--- THE DATA ---

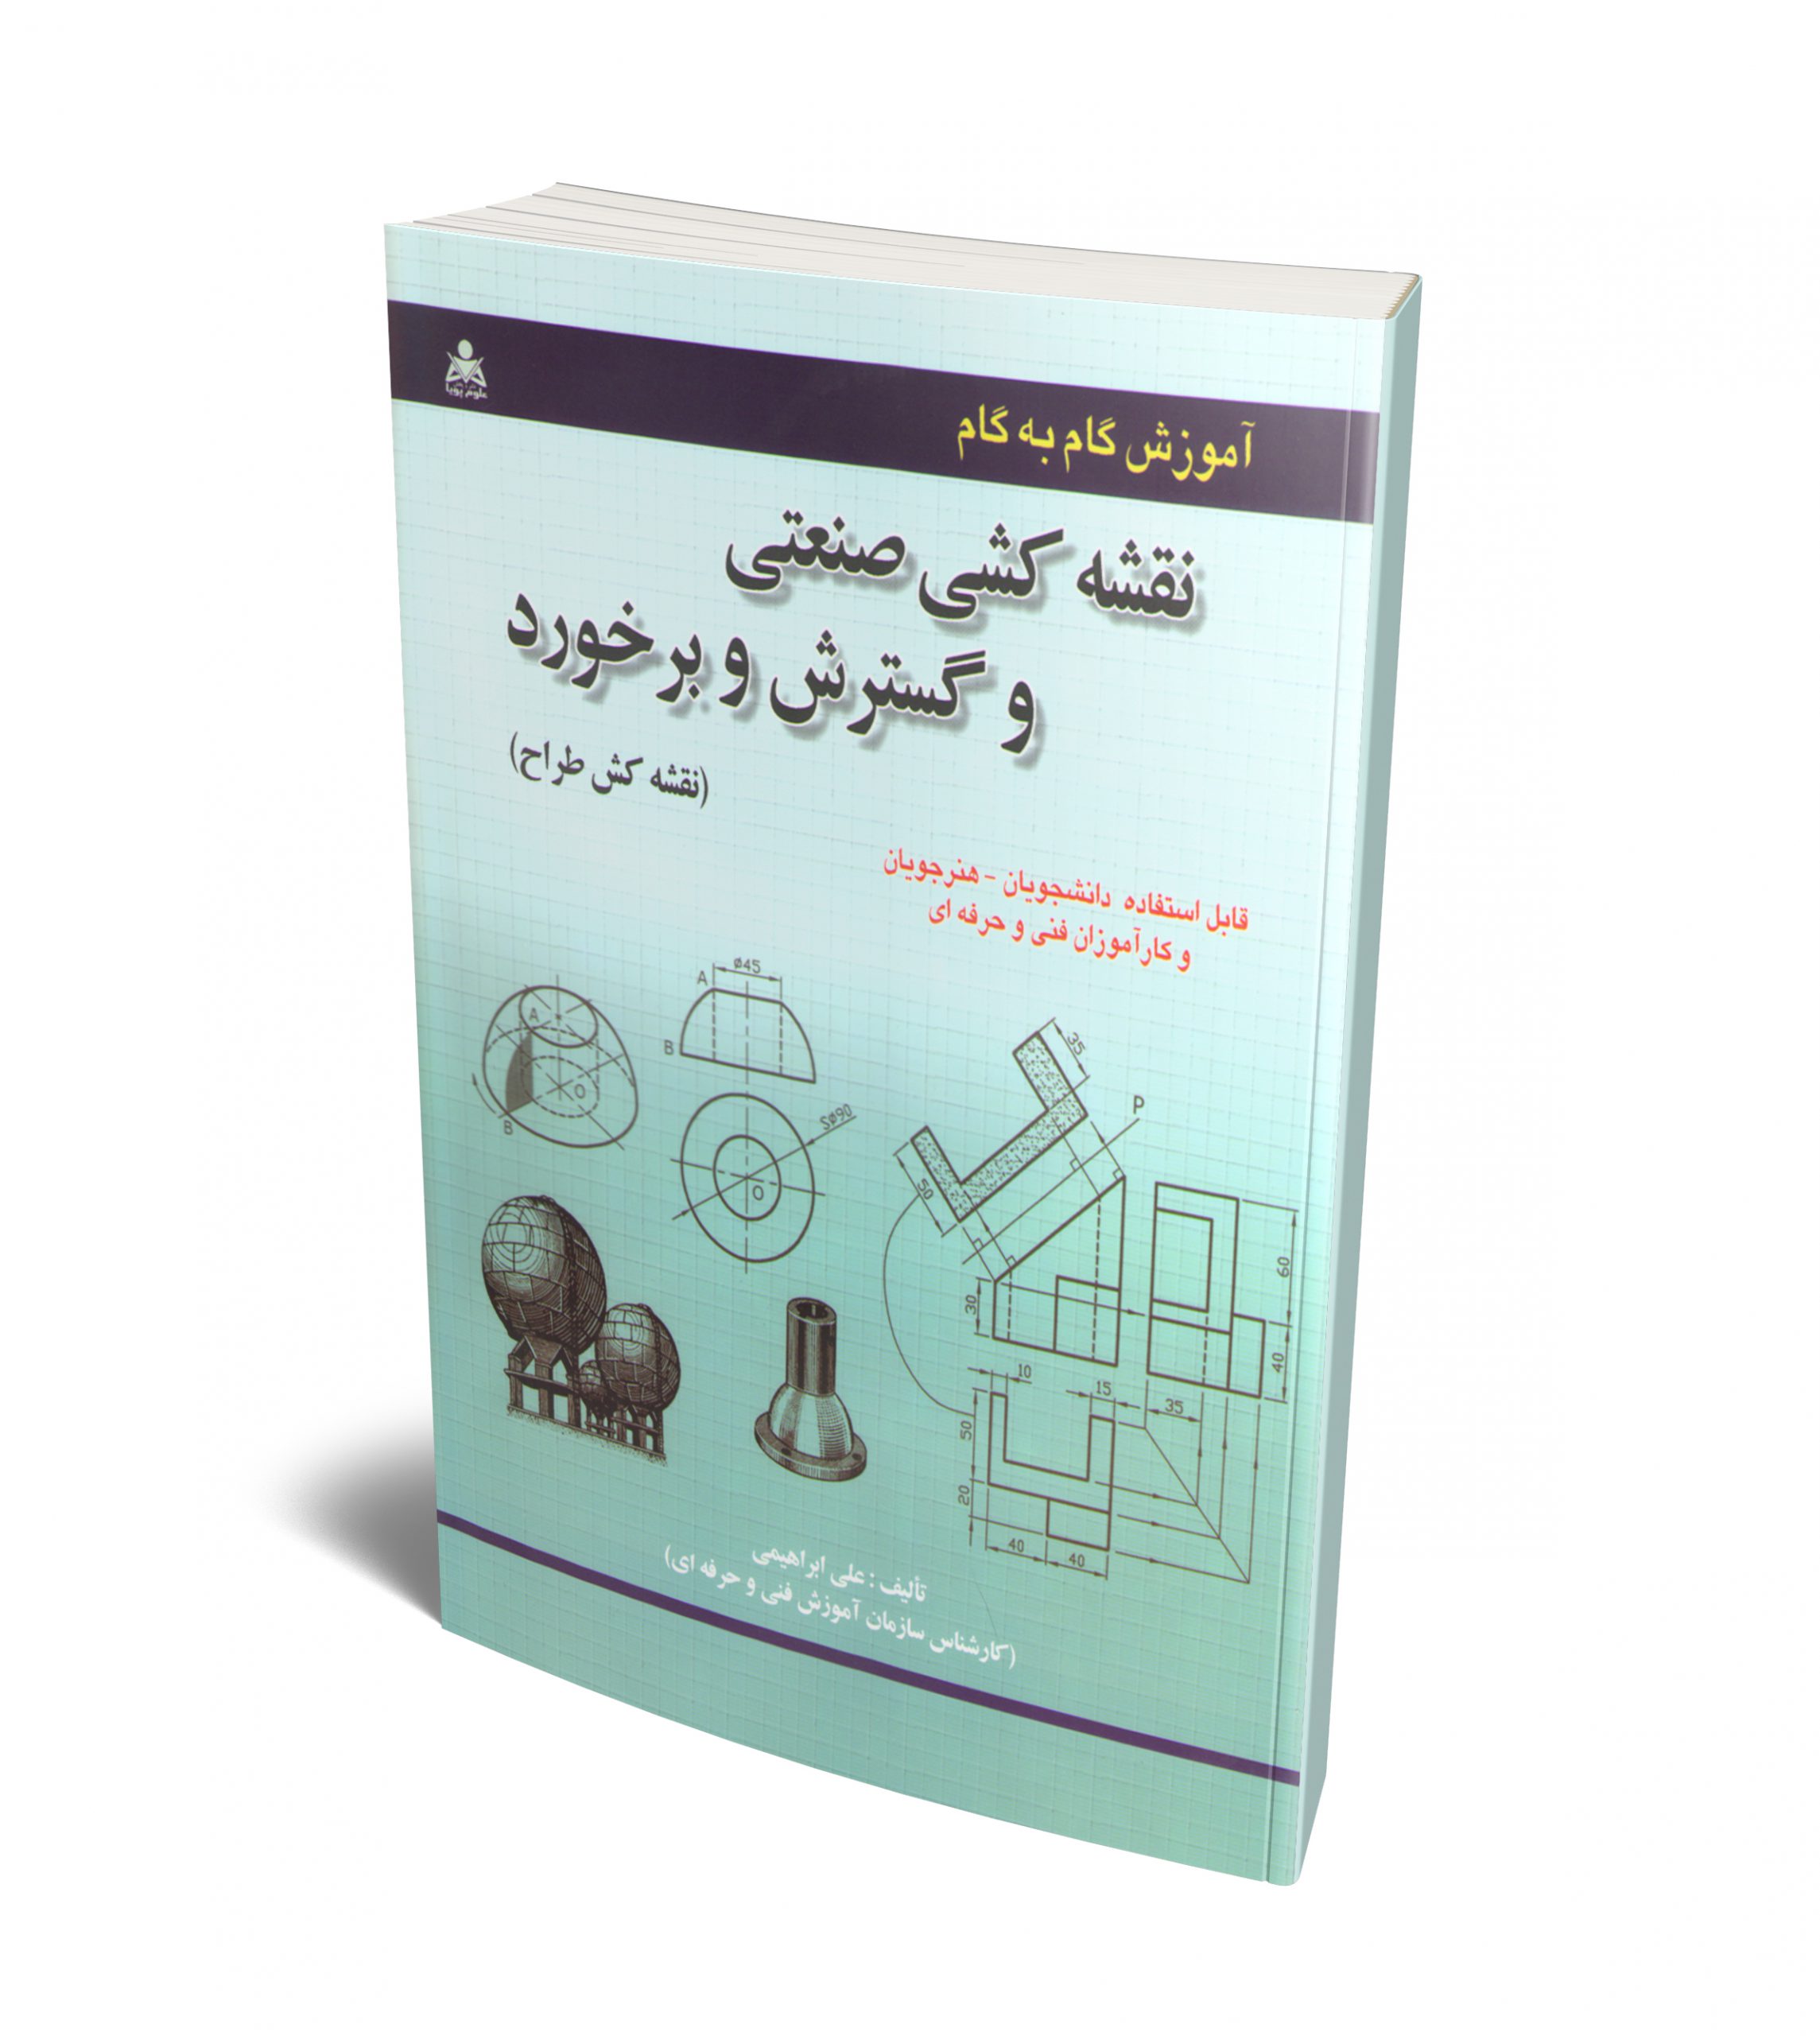 آموزش گام به گام نقشه کشی صنعتی و گسترش و برخورد نویسنده علی ابراهیمی
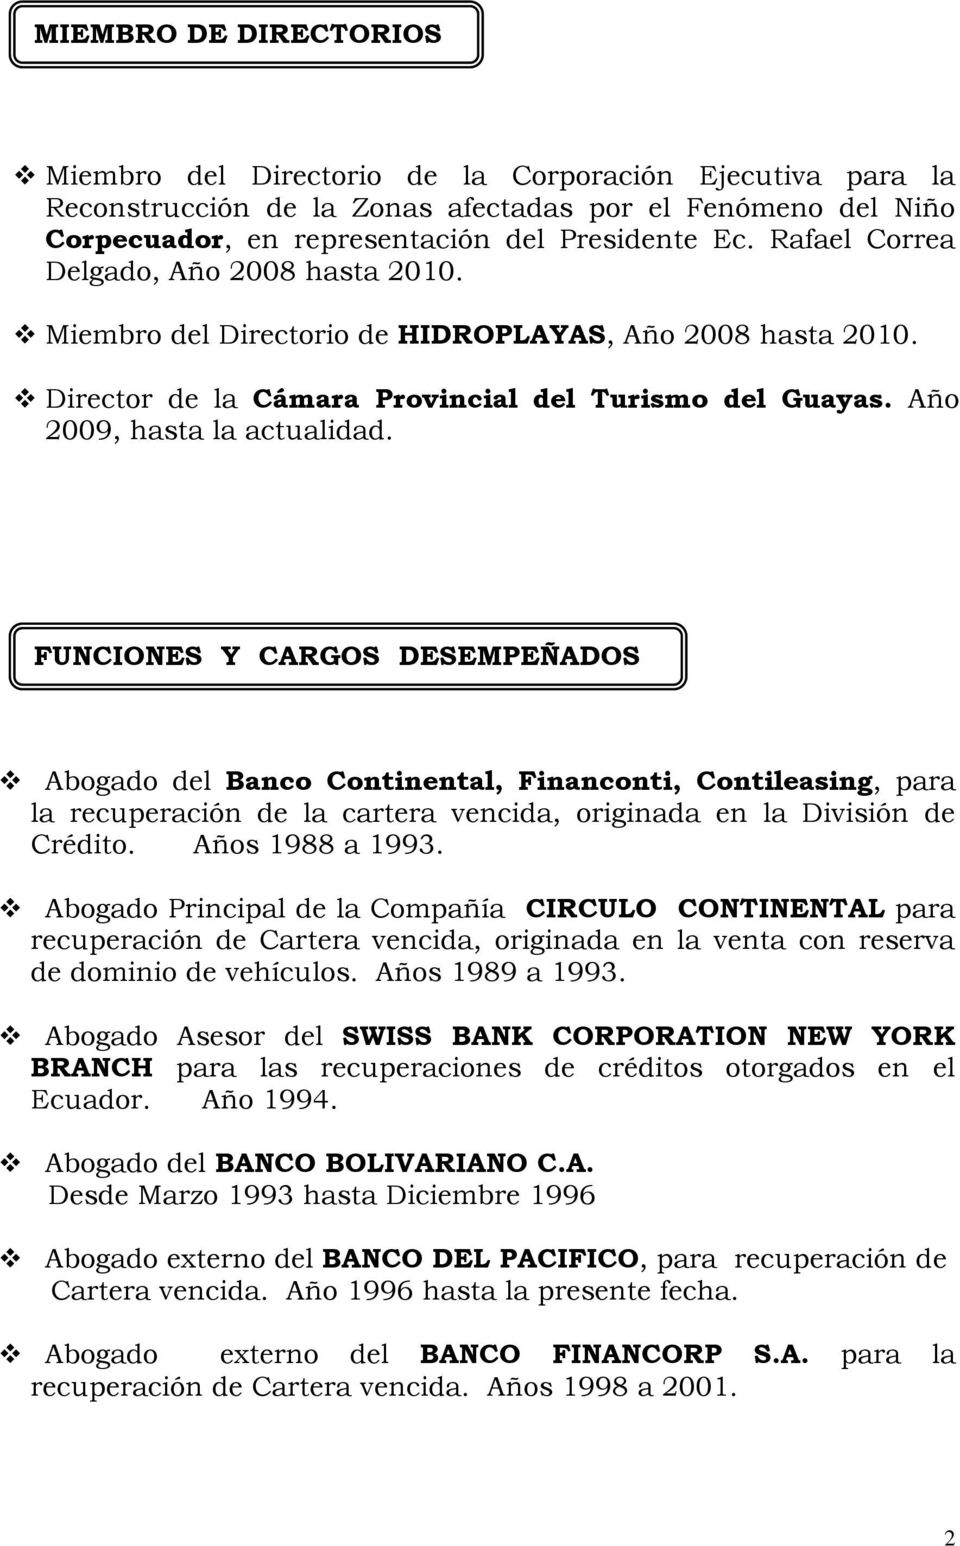 FUNCIONES Y CARGOS DESEMPEÑADOS Abogado del Banco Continental, Financonti, Contileasing, para la recuperación de la cartera vencida, originada en la División de Crédito. Años 1988 a 1993.
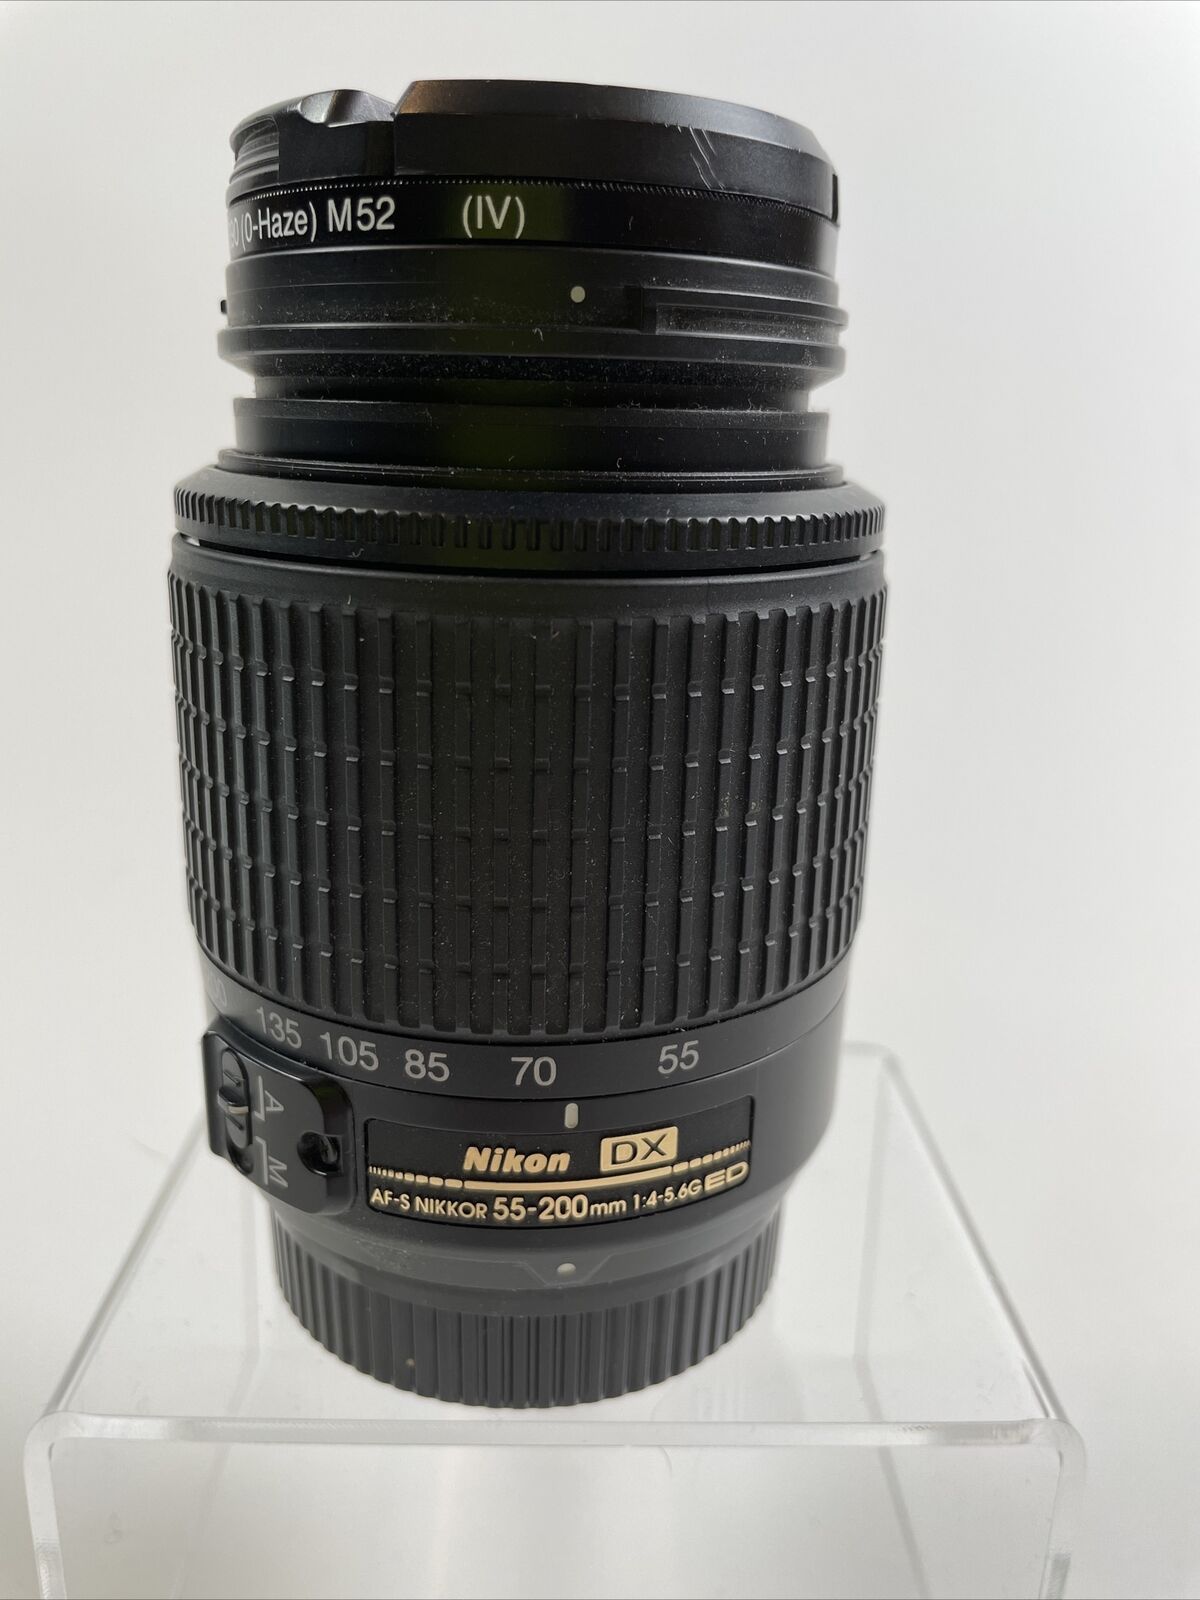 Nikon DX SWM ED AF-S Zoom-NIKKOR 55-200mm f/4-5.6G  With Lens Caps

---

REQUIRED ACTION:
Output all of the data word for word, excluding any pictures.

TASK ANSWER:
 آموزش گام به گام نقشه کشی صنعتی و گسترش و برخورد نویسنده علی ابراهیمی
 FUNCIONES Y CARGOS DESEMPEÑADOS Abogado del Banco Continental, Financonti, Contileasing, para la recuperación de la cartera vencida, originada en la División de Crédito. Años 1988 a 1993.
 Nikon DX SWM ED AF-S Zoom-NIKKOR 55-200mm f/4-5.6G  With Lens Caps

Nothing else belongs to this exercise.